Parece óbvio que esta assumida fuga não deixa a Justiça bem na fotografia, que já se confrontou, aliás, no passado, com cenas parecidas. Algo que a ministra encarou agora com ‘desconforto’, enquanto o Conselho Superior da Magistratura (CSM), citando a juíza responsável, se apressou a distribuir uma nota, na qual negou que «pudesse antever-se» [… ] um concreto perigo de fuga do arguido». A presunção merece um Óscar.

Depois, perante o avolumar de perplexidades, o CSM rendeu-se a um inquérito disciplinar aos juízes envolvidos.
Ao que consta, o foragido, antes de ‘dar corda aos sapatos’, ainda teve o cuidado de tirar informações sobre a qualidade da ‘hotelaria’ na serra da Carregueira, que o terá desiludido para ali passar os próximos anos de vida. 
Para quem foi um dos donos do BPP – o tal Banco do ‘retorno garantido’ (segundo, então, rezava a publicidade de página inteira na Revista do Expresso…) –, é natural que a avaliação tenha gerado nele, também, um sentimento de… ‘desconforto’.

Em linguagem naval, foi mais um tiro, em cheio, no ‘porta aviões’ da Justiça, já adornado e com visíveis rombos na sua credibilidade. 

Diga-se de passagem, que, entretanto, não faltam os casos mediáticos pendentes – nem os protagonistas com nome na praça – que servem, inevitavelmente, para emoldurar os discursos de abertura do ano judicial. 

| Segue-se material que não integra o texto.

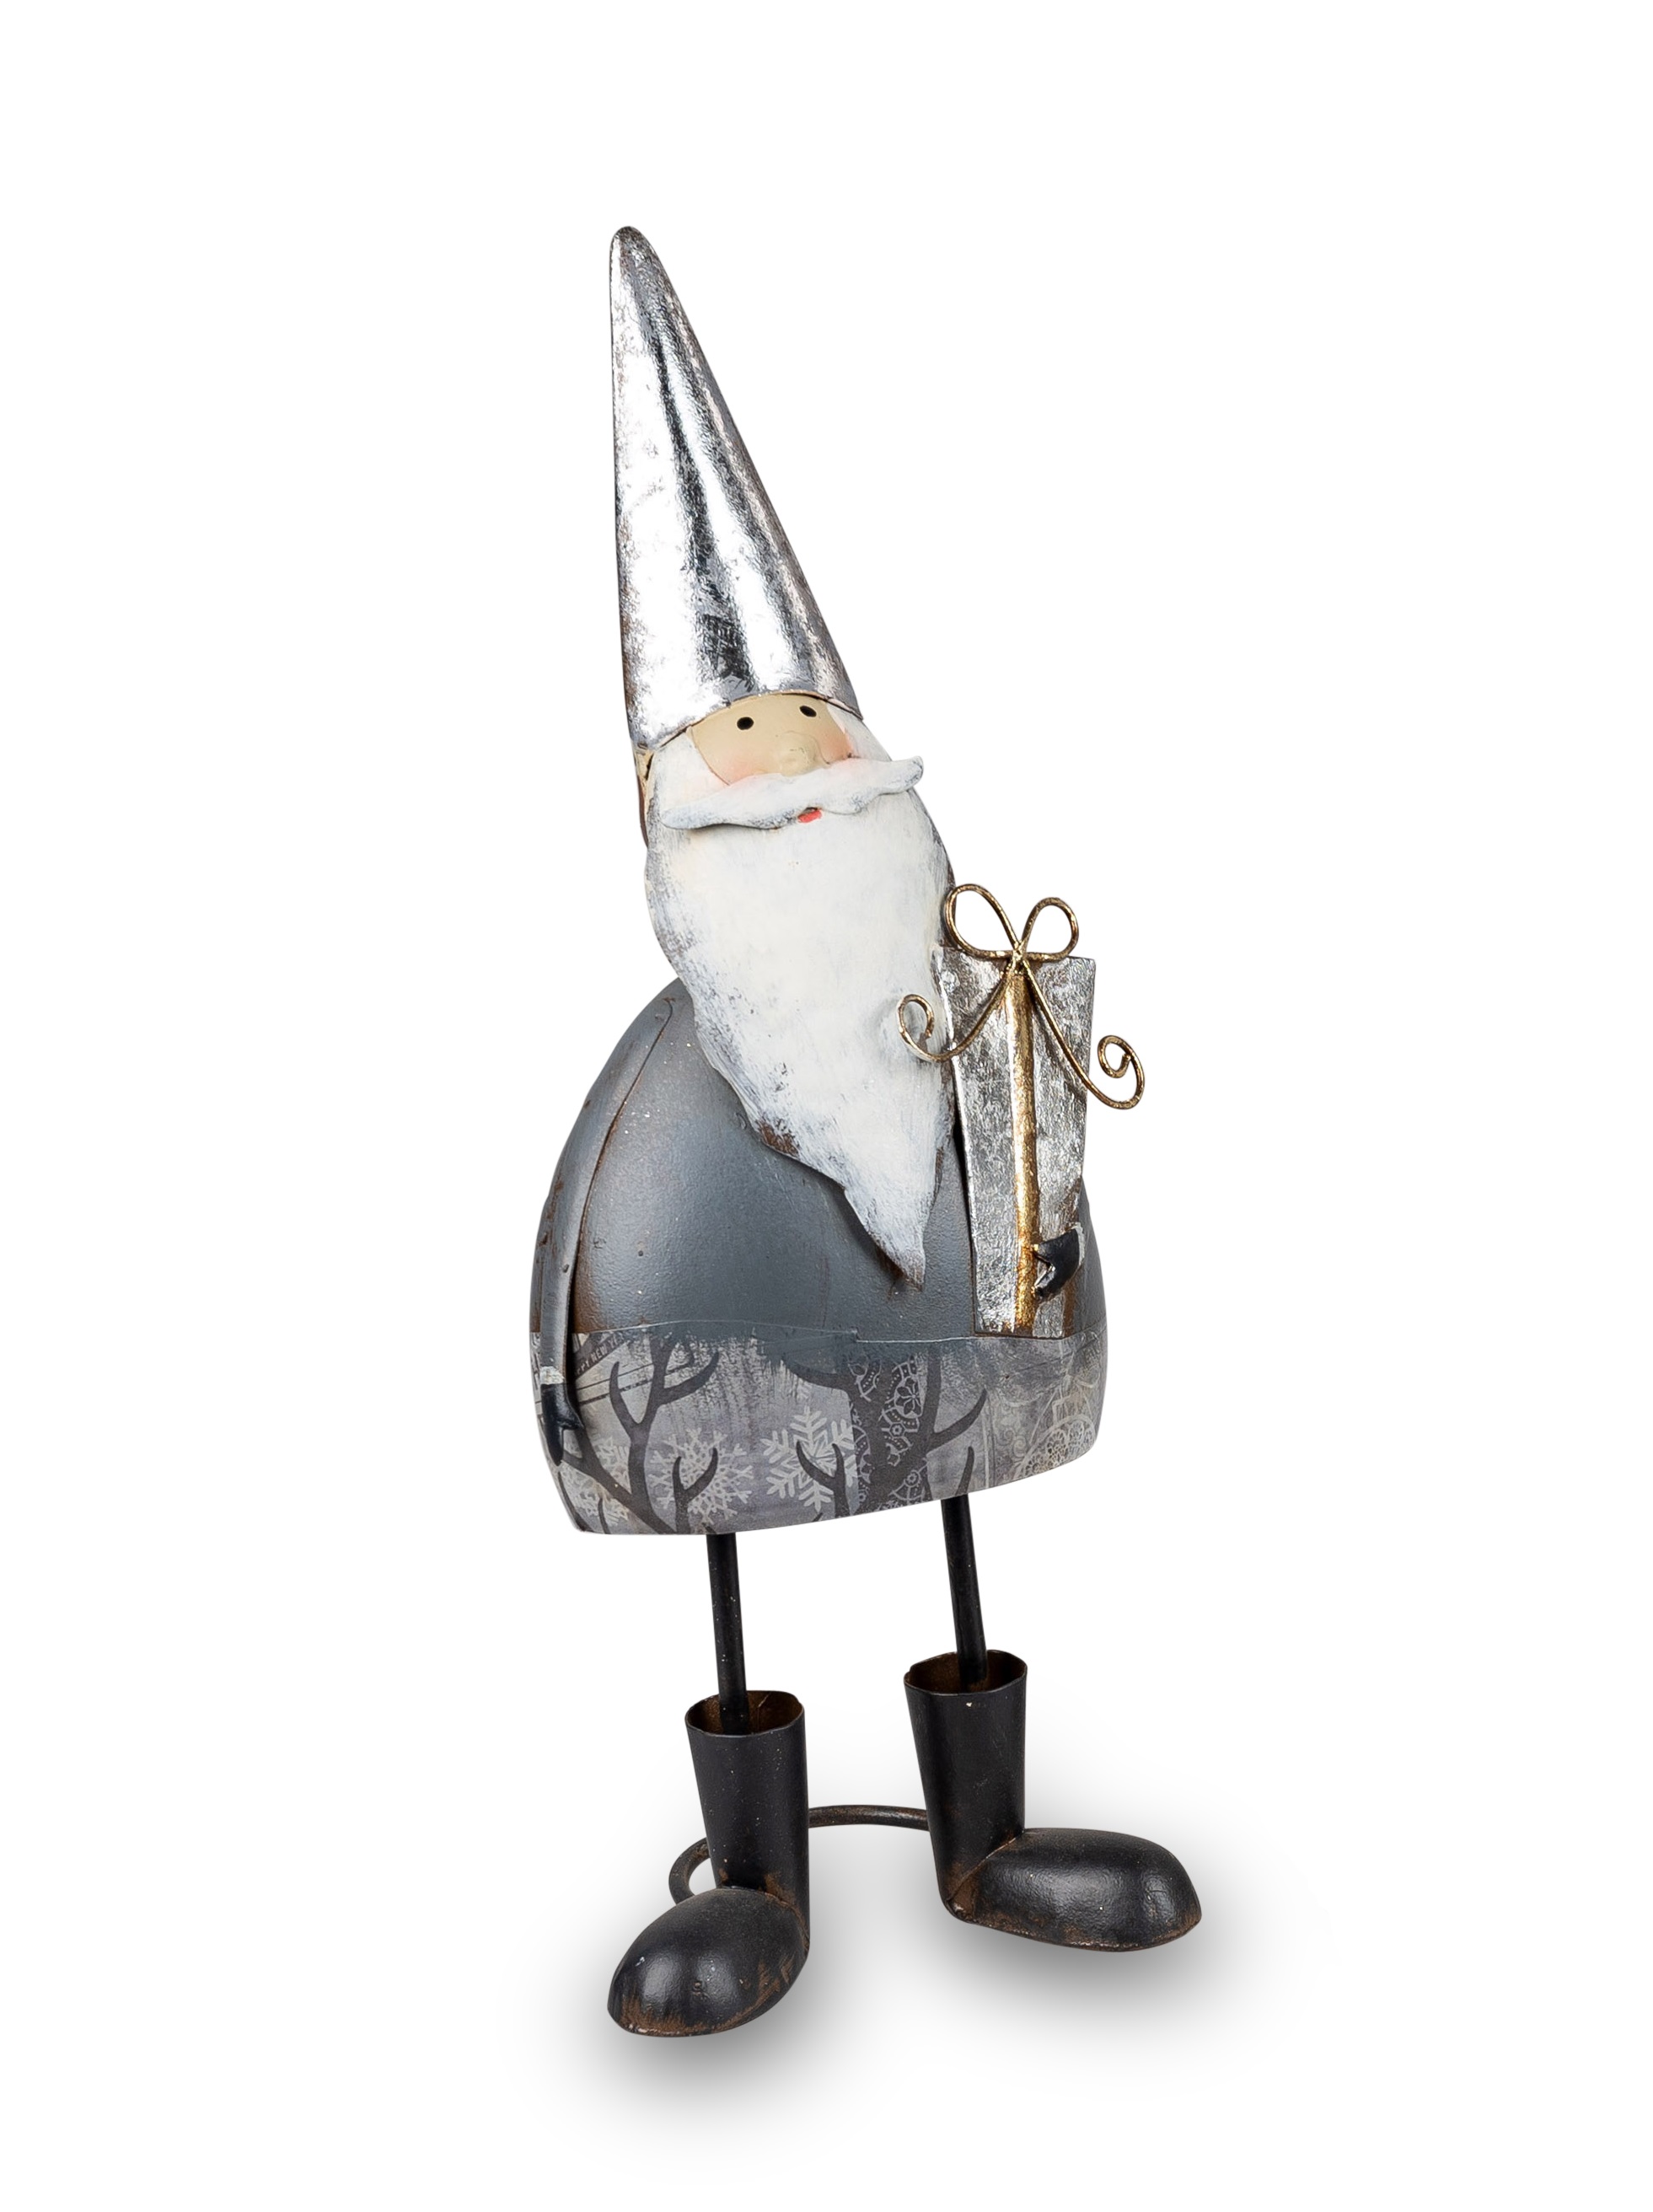 Deko Figur Santa 30cm m. Geschenk aus Metall Winterzeit formano

É natural, por isso, que se especule sobre quem será o ‘senhor que se segue’, segundo o melhor catálogo de viagens, incluindo paragens tentadoras em destinos sem acordos de extradição para Portugal e com muito melhor oferta logística do que a Carregueira ou o estabelecimento prisional de Évora, reservados apenas para quem não consegue a tempo ‘um programa alternativo’…

No meio disto, a ministra da Justiça continua no seu posto, com o ‘conforto’ de um lugar de recuo cativo no Supremo; o ministro da Defesa, continua a despacho com a Armada, como se não tivesse acontecido nada; o ministro da Administração Interna ainda não tem, que se saiba, o relatório sobre o velocímetro do seu carro; o ministro das Infraestruturas, à falta de melhor, entrou em rota do colisão com o colega das Finanças por causa da CP, enquanto abona a TAP com milhões do contribuinte, sem reparar na Alitalia; o ministro do Ambiente diverte-se com o lítio e o hidrogénio, enquanto execra os combustíveis fósseis; o ministro da Educação não existe, embora nem dê por isso; e a ministra da Saúde finge que acredita que poderá ser a favorita de Costa na disputa da ‘herança’.

O desgoverno não fica por aqui. Donde se alguém achar que isto é uma farsa, um filme negro ou uma réplica europeia de qualquer ‘república das bananas’ é porque não está no seu juízo perfeito.